Namun, di sisi lain, dokumen Peraturan Wali Kota Tual Nomor 01 Tahun 2020 yang ditandatangani Wali Kota saat itu, Adam Rahayaan, justru mencantumkan sejumlah landasan hukum, mulai dari Permendagri 44/2016, Permendagri 20/2018, hingga PMK 205/PMK.07/2019.

Perwali tersebut juga merinci alokasi dana untuk desa dan dusun dengan nilai yang sama.

Artinya, konflik tafsir hukum muncul,  apakah Perwali cukup kuat untuk mengalirkan dana langsung ke dusun?,  ataukah kebijakan tersebut melampaui kewenangan yang seharusnya hanya diberikan kepada desa definitif?.

Data yang dihimpun, Tualnews.com, menunjukkan total alokasi dana desa dan dusun di Kota Tual tahun anggaran 2020 mencapai Rp 41.413.634.500.

Masing-masing desa dan dusun di Kota Tual, menerima sekitar Rp 1,089 miliar.

Skema pembagian yang seragam ini justru memperkuat dugaan adanya kebijakan “satu pintu” yang diterapkan tanpa diferensiasi status administrasi wilayah.

Jika penyelidikan menemukan cacat hukum dalam penyaluran ke Dusun Fair, maka implikasinya tidak kecil.

Bukan hanya satu dusun, tetapi seluruh penerima dana dengan pola serupa berpotensi diperiksa.

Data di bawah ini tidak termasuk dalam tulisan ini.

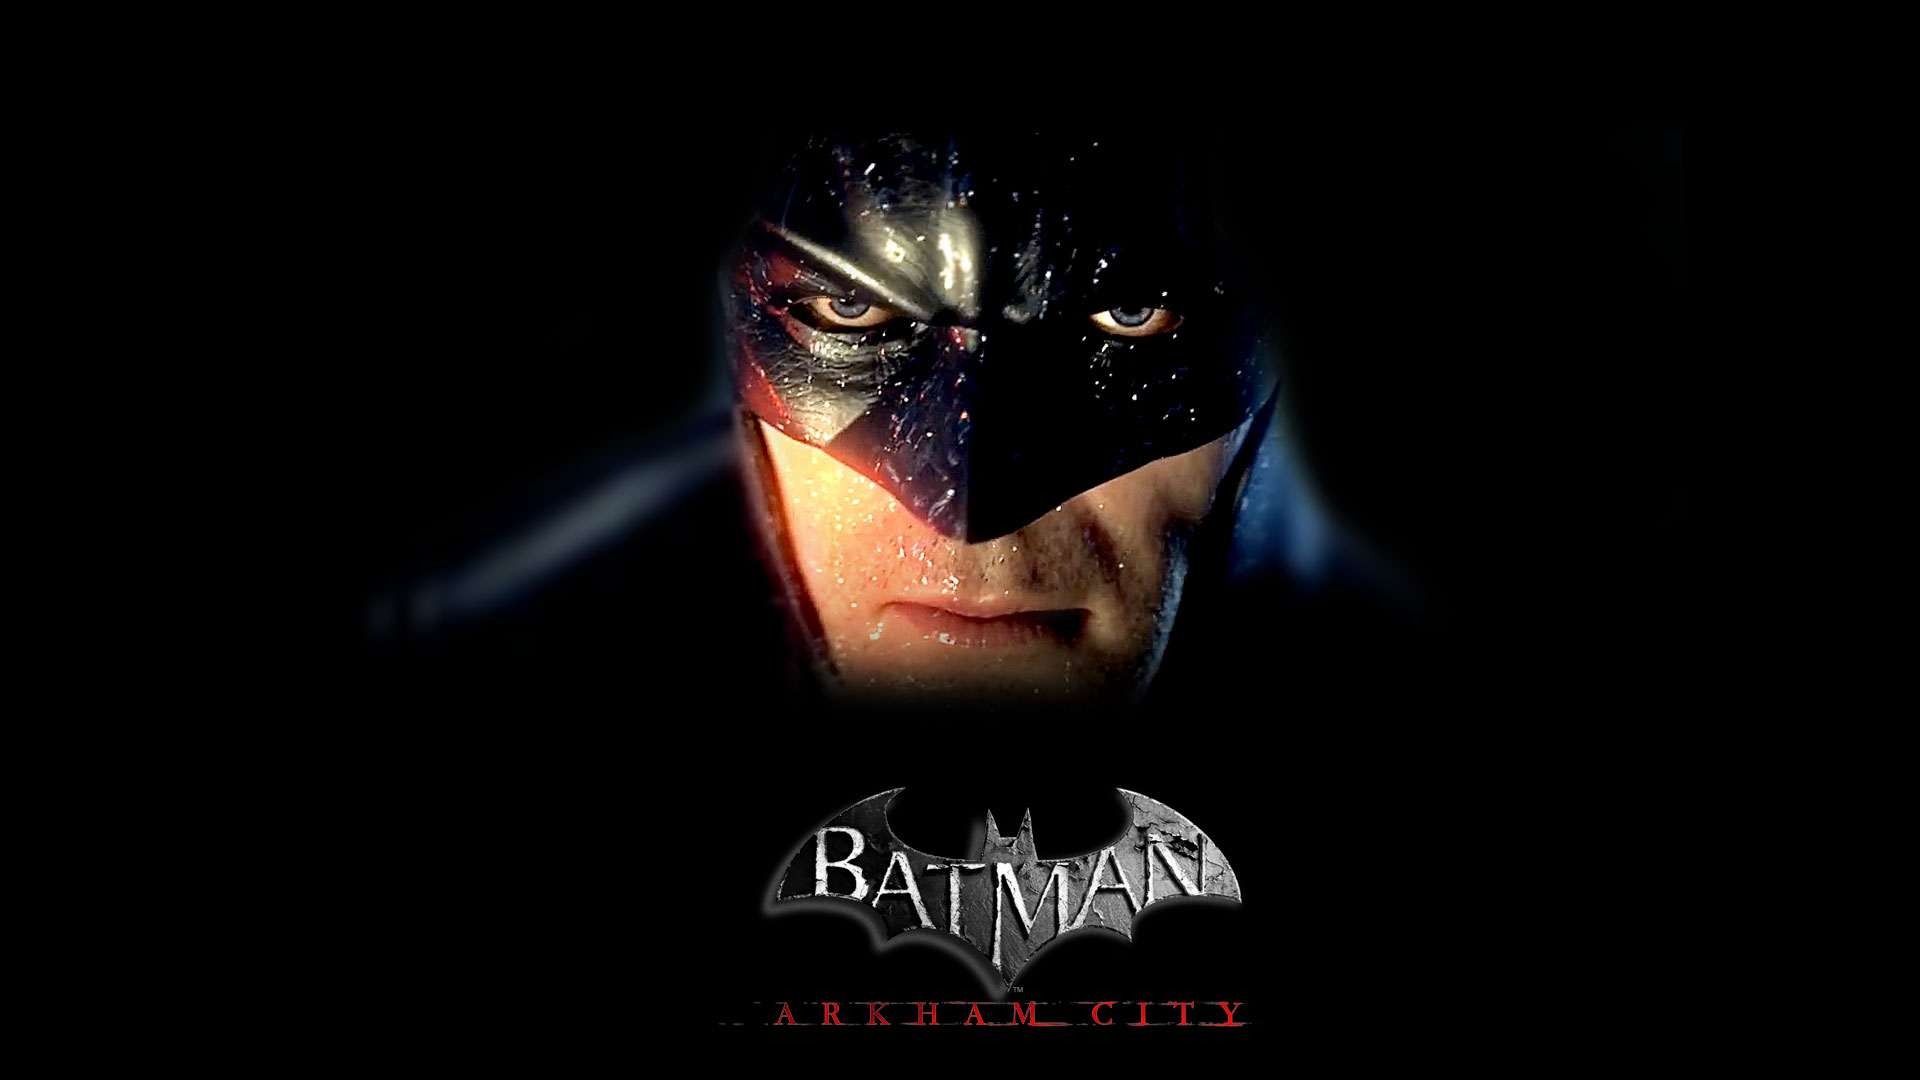 City Arkham Batman Wallpaper High Gallery Image

Artinya, kasus ini bisa berubah dari dugaan tunggal menjadi dugaan korupsi anggaran berskala kota.

Kini publik menunggu, apakah penyelidikan berhenti pada klarifikasi regulasi, atau berkembang menjadi pembongkaran praktik pengelolaan dana desa yang selama ini berjalan tanpa kontrol yang memadai.